How to sell unwanted gift cards
The secondary market will give you up to 92% of face value. Put the money toward something you really want.
Here's my feeling about presents: Once it's yours, you get to use it any way you like. If you want to regift it, donate it to charity, sell it at a yard sale or run over it with a steamroller, that's your business.
Which is why I sold two of the gift cards I got during the holidays. They morphed from $75 worth of might-not-get-used promissory plastic into $63.79 worth of Amazon.com gift cards.
Some would look at this as an $11.21 loss. Not me. I look at it as being that much closer to something I know I'll be using.
I did this on Dec. 26, Gift Card Exchange Day, when the secondary market supposedly offered its highest rates of the year. But the process is pretty simple the rest of the time, too.
- Go to an aggregator site called Gift Card Granny and type in the name of the card you want to sell.
- A number of resellers will pop up. Pick the best deal. (You may get a higher rate if you opt for an Amazon card.)
- Email or snail mail the card. The latter option got me a slightly better payback. (The site may pay for postage.)
How much you'll get depends on the popularity of the card. One of the ones I sold was a $25 Barnes & Noble card, which is not nearly as hot a ticket as, say, Target scrip.
Since the secondary market has to make a profit to survive, the most I could get was 81 cents on the dollar for that B&N card even though the company currently sells that brand for 92 cents.

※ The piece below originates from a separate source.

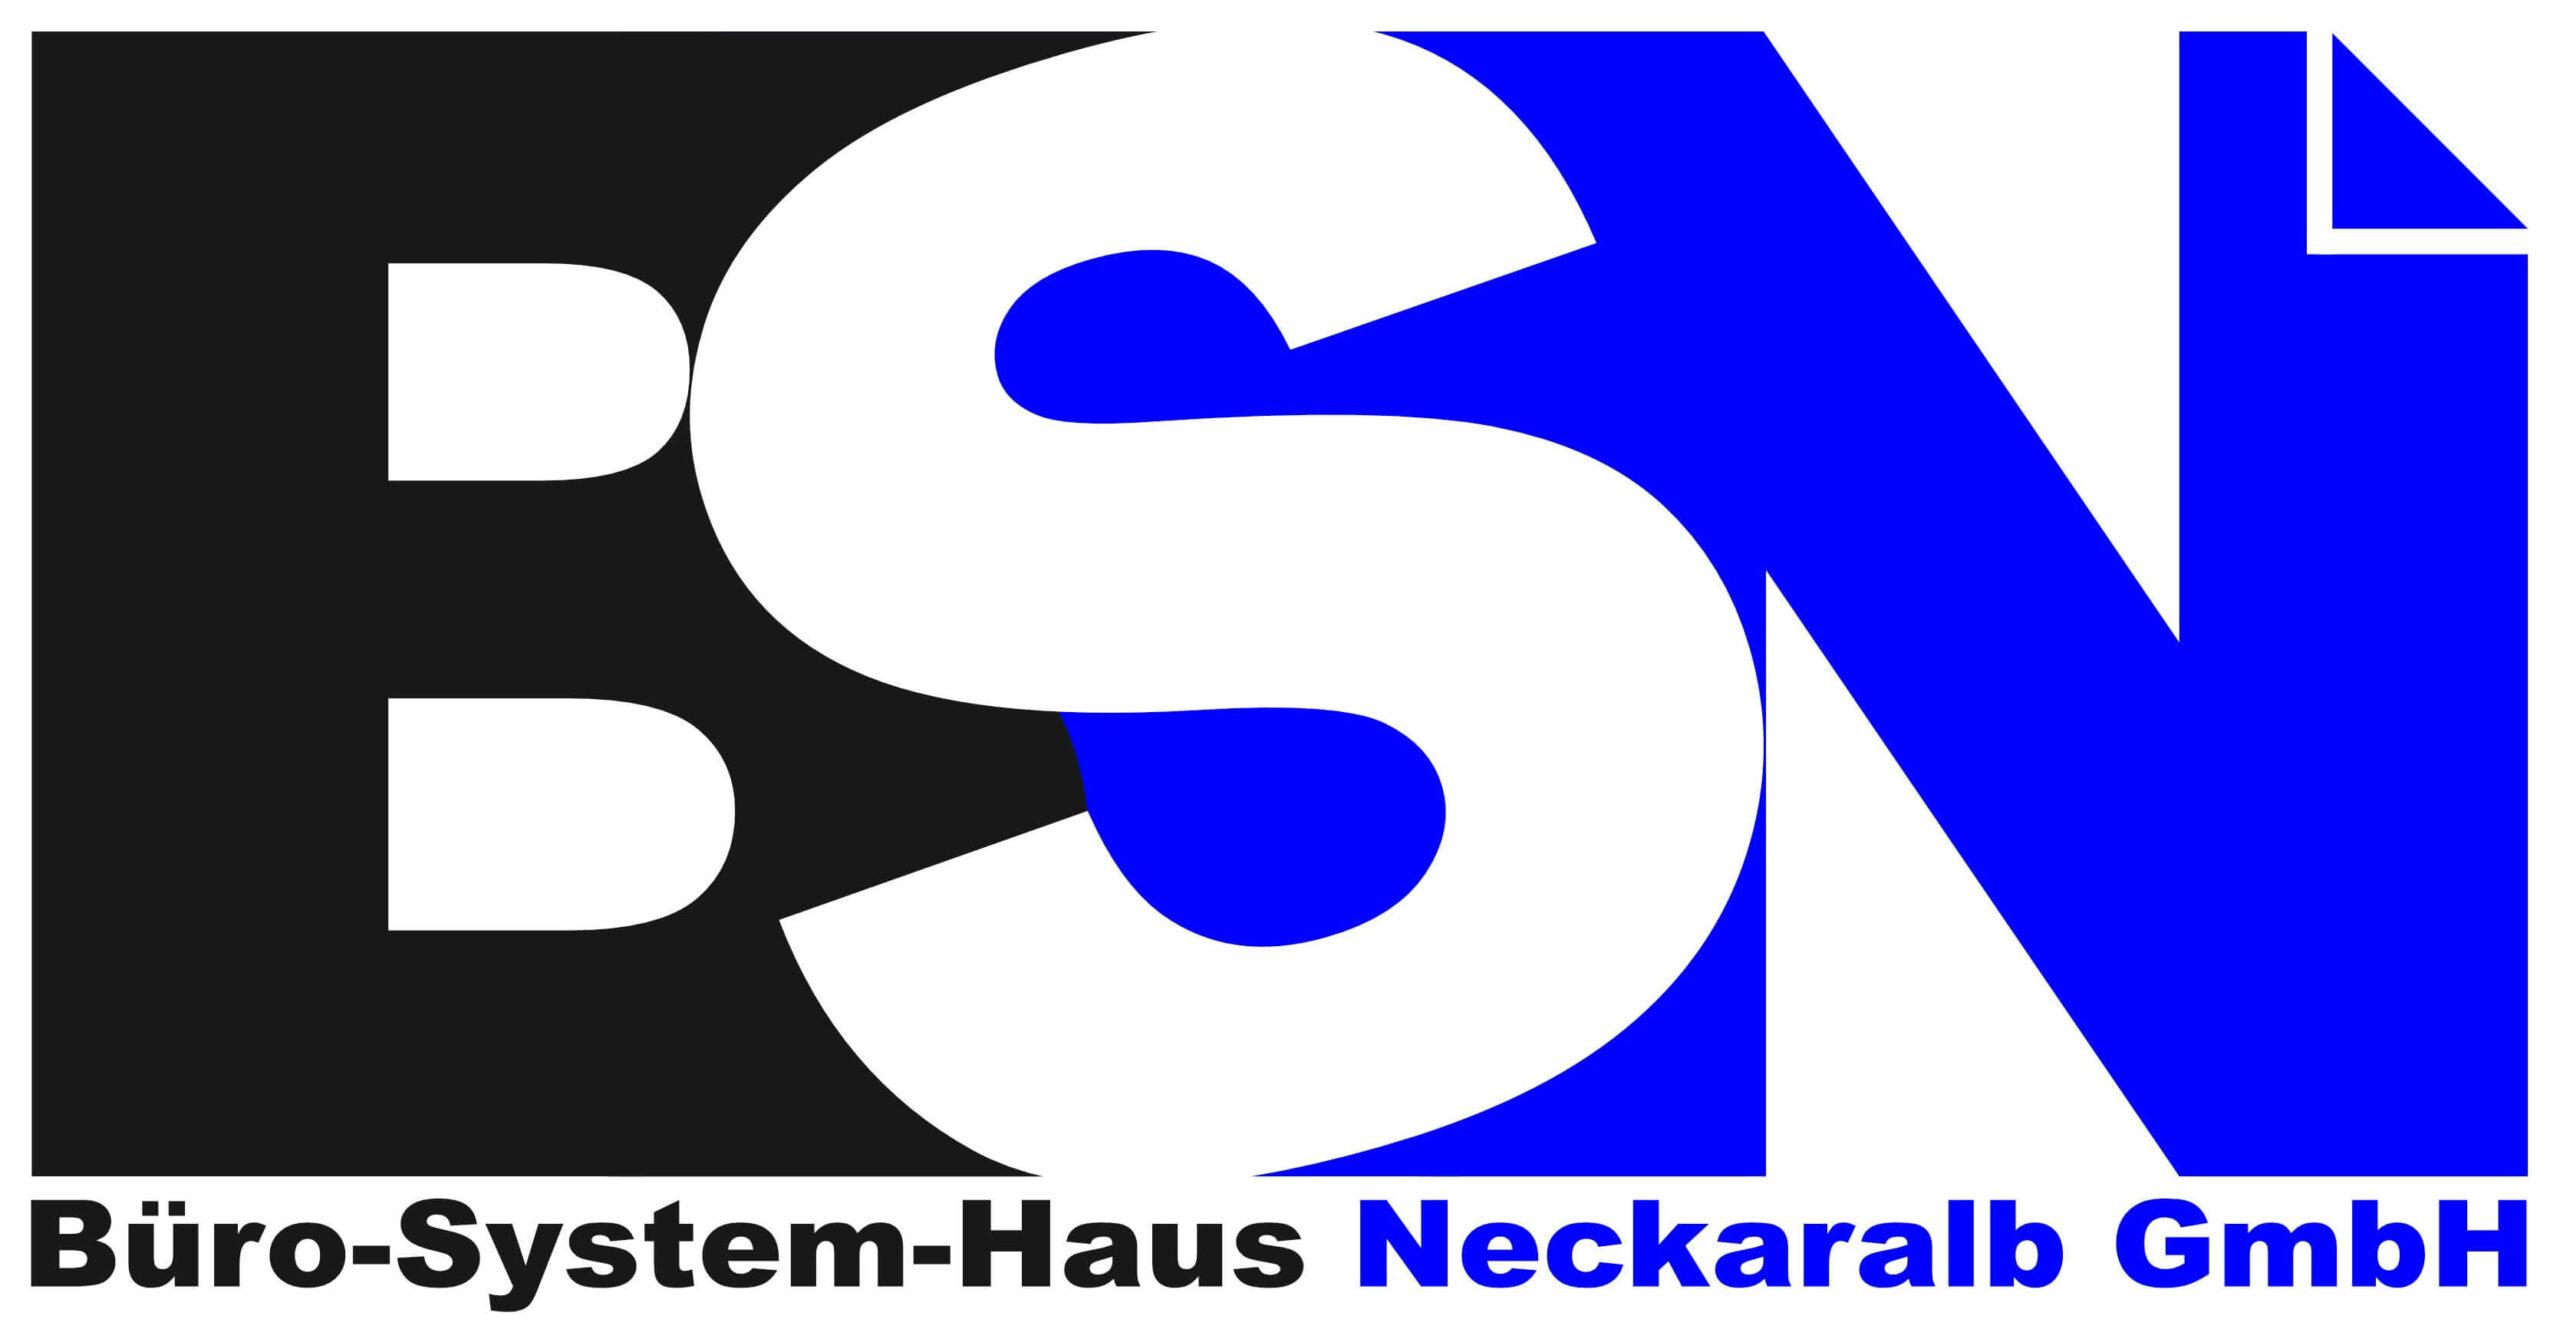 BSN Büro-System-Haus Neckaralb GmbH

You might do better selling the card yourself -- that is, if you can find a buyer. Put the word out on social media, stick a note on the company bulletin board (electronic or real), or take a chance on Craigslist. Another option is to keep the cards until you owe someone a present. Post continues below.
A simple process
Some people would find that to be too much hassle. It would have been for me, since I'm starting to place a cash value on my time. By contrast, the secondary market process couldn't have been simpler: Within four or five days, the company emailed me my Amazon code.
As I've said before, gift cards can be great gifts. This time, though, not every single card hit its mark. That's one of the two main reasons that people sell cards. The other reason is that the recipients need or would simply rather have the cash.
I didn't sell these cards to make money per se, but to convert them into a more useful (to me) format. If I'd been strictly in the market for cash, the $50 Target card a friend gave me would have been a better deal. I could have gotten as much as $46.50 for it.
But I'm hanging on to that one. Not only is there a Target store within walking distance of my apartment, I'm planning to visit my daughter soon. The plastic will let me treat her to something she wants.
Yeah, it's the Curse of the Mom, this using of gift cards to meet other people's needs. On the other hand, I can take the money I would have spent on our shopping trip and apply it to something that I want. A massage, say -- or another Amazon card.